In October 1942 leaflets appeared in Egypt. The occasion was the British Eighth Army victory over Rommel’s Afrika Korps at El Alamein, which at last made the Allies confident they could drive the Axis out of the Middle East. Moreover, the first American observers had arrived in North Africa in preparation for Operation Torch, the invasion of Morocco and Algeria scheduled for the following month. The leaflets, printed in Arabic and signed by President Roosevelt. proclaimed:

“… Behold. We the American Holy Warriors have arrived. We have come here to fight the great Jihad of Freedom…. Assemble along the highways to welcome your brothers. We have come to set you free. Speak with our fighting men and you will find them pleasing to the eye and gladdening to the heart. We are not as some other Christians whom ye have known, and who trample you under foot. Our soldiers consider you as their brothers, for we have been reared in the way of free men. Our soldiers have been told about your country and about their Moslem brothers and they will treat you with respect and with a friendly spirit in the eyes of God…”[1]

We may forgive such condescending propaganda on the grounds that Arabs, Persians, and other Muslims were hardly the focus of U.S. geopolitics then that they are today. During World War II they seemed just backward, superstitious, and thieving peoples who happened to be in the way of the armies fighting for control of the world.

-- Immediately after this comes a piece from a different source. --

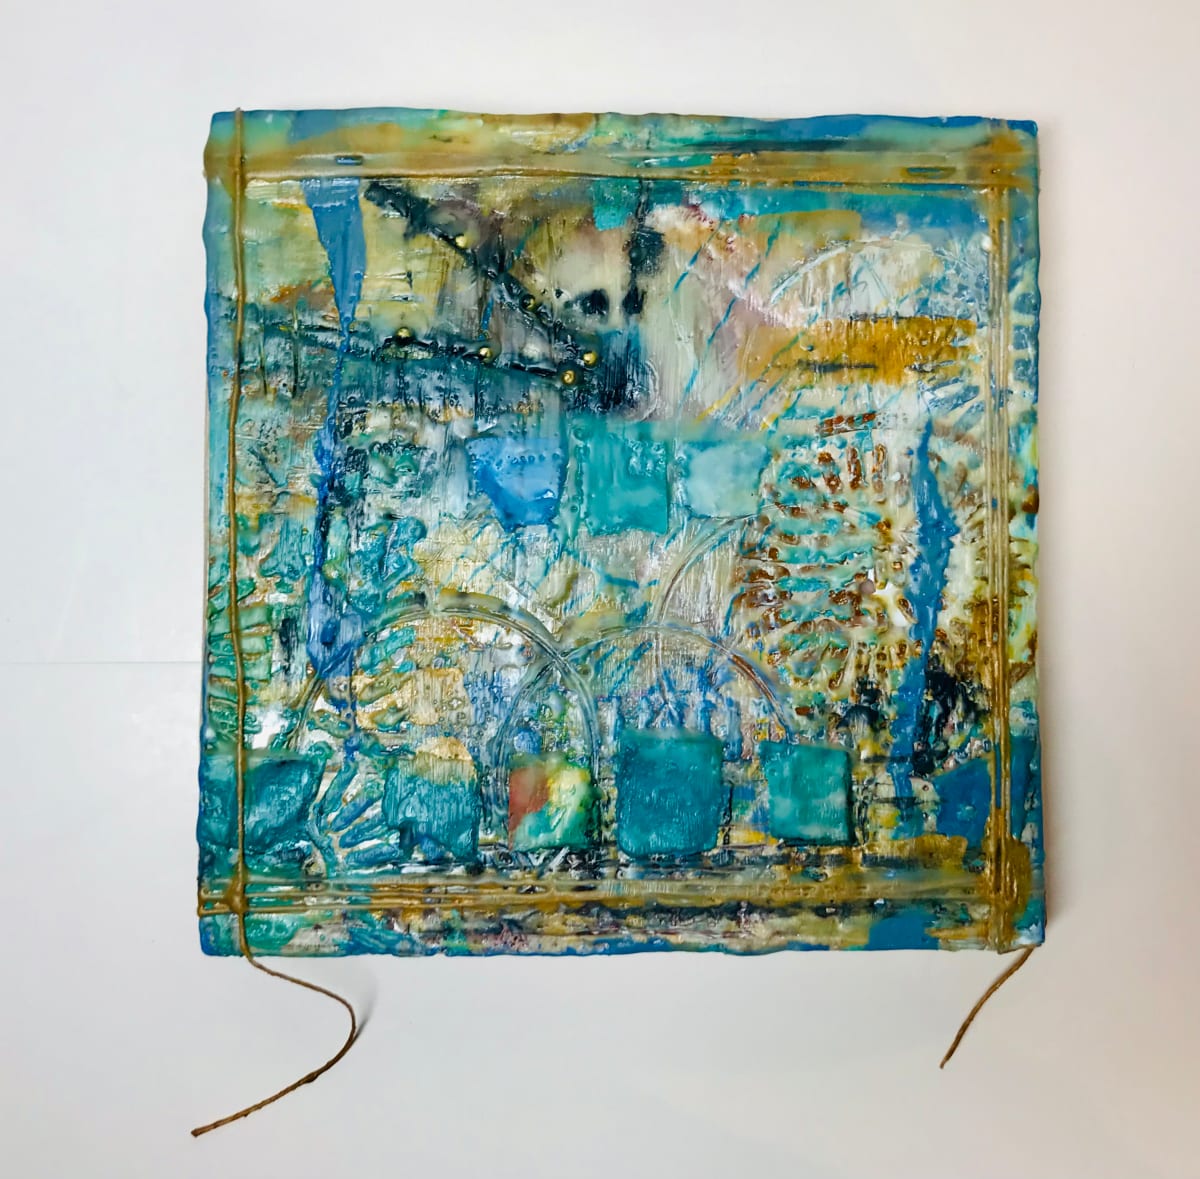 Resilience #2 by Suzy Johnson  Image: 8x8x1.5 Encaustic Collage

That isn’t to say that the United States has not been engaged with the Middle East throughout its history, at first modestly but with increasing intensity. Moreover, the Middle East has always held a certain fascination for various groups of Americans whether or not their government was entangled there. But not until 1979, when Jimmy Carter’s national security advisor Zbigniew Brzezinski called the Islamic Crescent an Arc of Crisis, did the Middle East take center stage. By that time all the major U.S. foreign policy traditions were already in place.

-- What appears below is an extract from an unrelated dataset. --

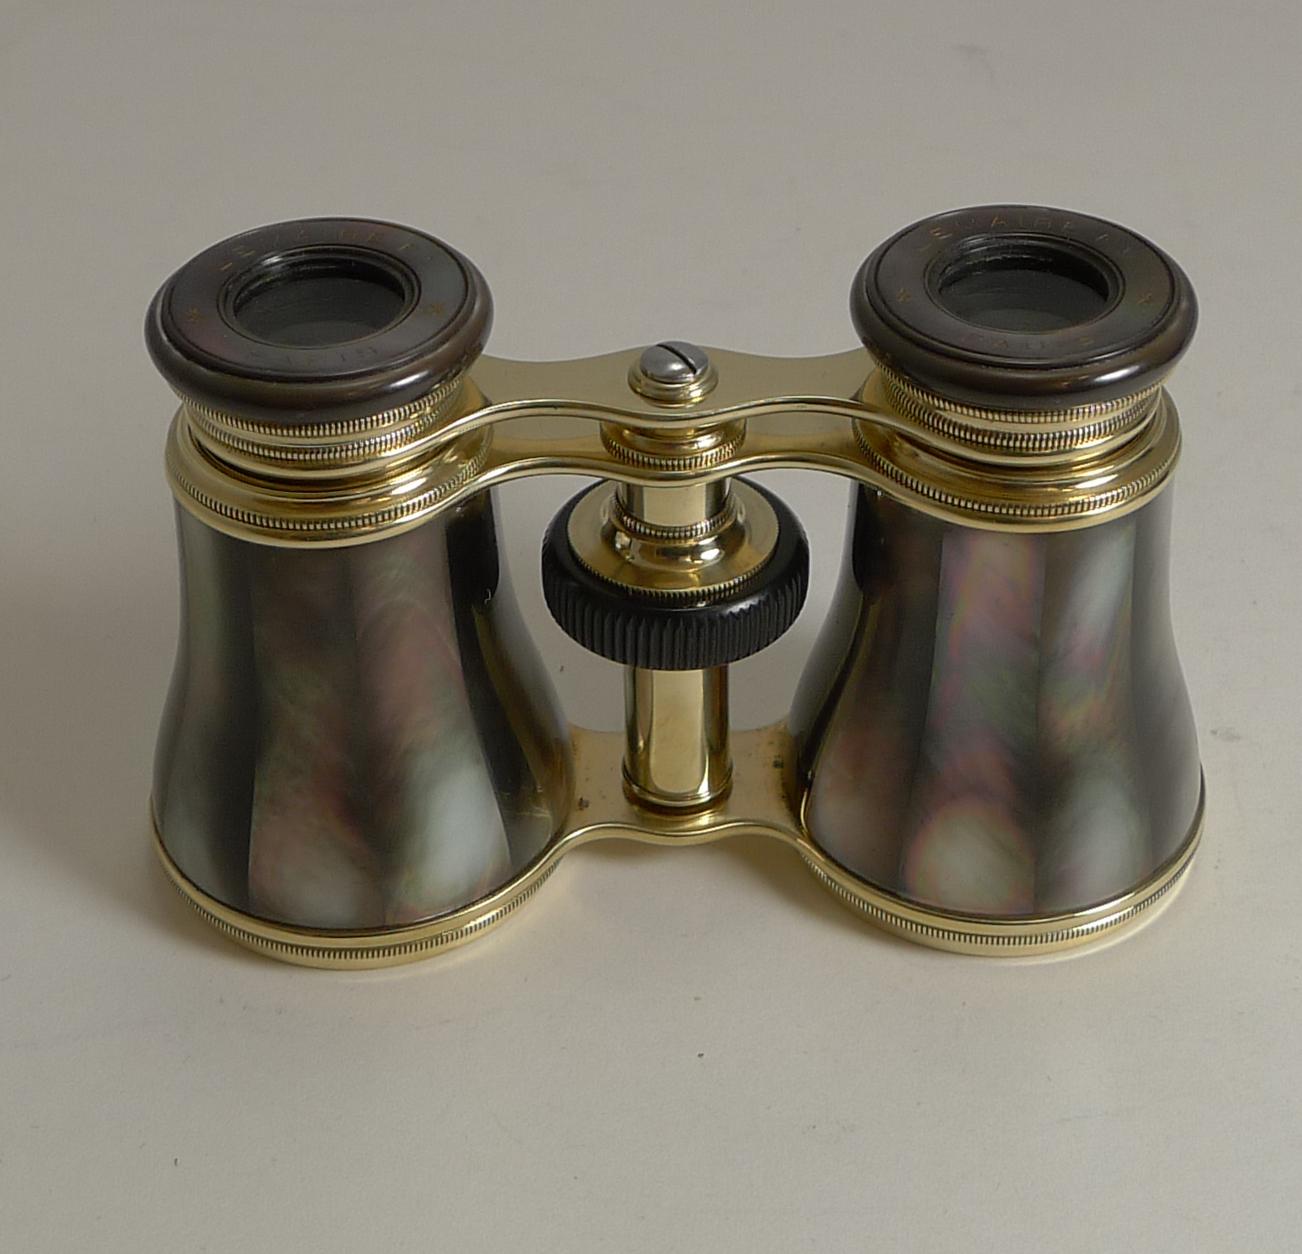 A truly exquisite pair of Opera Glasses by the top-notch maker, LeMaire of Paris 2

It is my assigned task to provide the overarching context of American foreign relations in the twentieth and twenty-first centuries. My most telling message is that the strategies and methodologies—the ends and means of America as a world power—were all contrived to surmount crises and challenges elsewhere in the world. They had no initial relevance to Islamic cultures or Middle East geography, but had somehow to be applied to Middle Eastern policies once they had pushed themselves onto the American foreign policy agenda. That is why I shall have nothing more to say on the Middle East until the very end.

U.S. Foreign Policy Traditions

The genesis of these remarks date from 1988, when I left Berkeley to become chair of the international relations program at Penn. Since Penn’s U.S. diplomatic historian Bruce Kuklick was away that first year, I agreed to work up lectures for a survey course in that field. It occurred to me that a good way to structure the course would be to focus on the discrete traditions that Americans founded regarding their proper place in the world. I defined a genuine tradition as a principle or strategy that “commanded solid bipartisan support, outlived the era that gave it birth, entered the permanent lexicon of our national discourse, and continued to resonate with a portion of the American public even during eras when it did not directly inspire policy.”[2]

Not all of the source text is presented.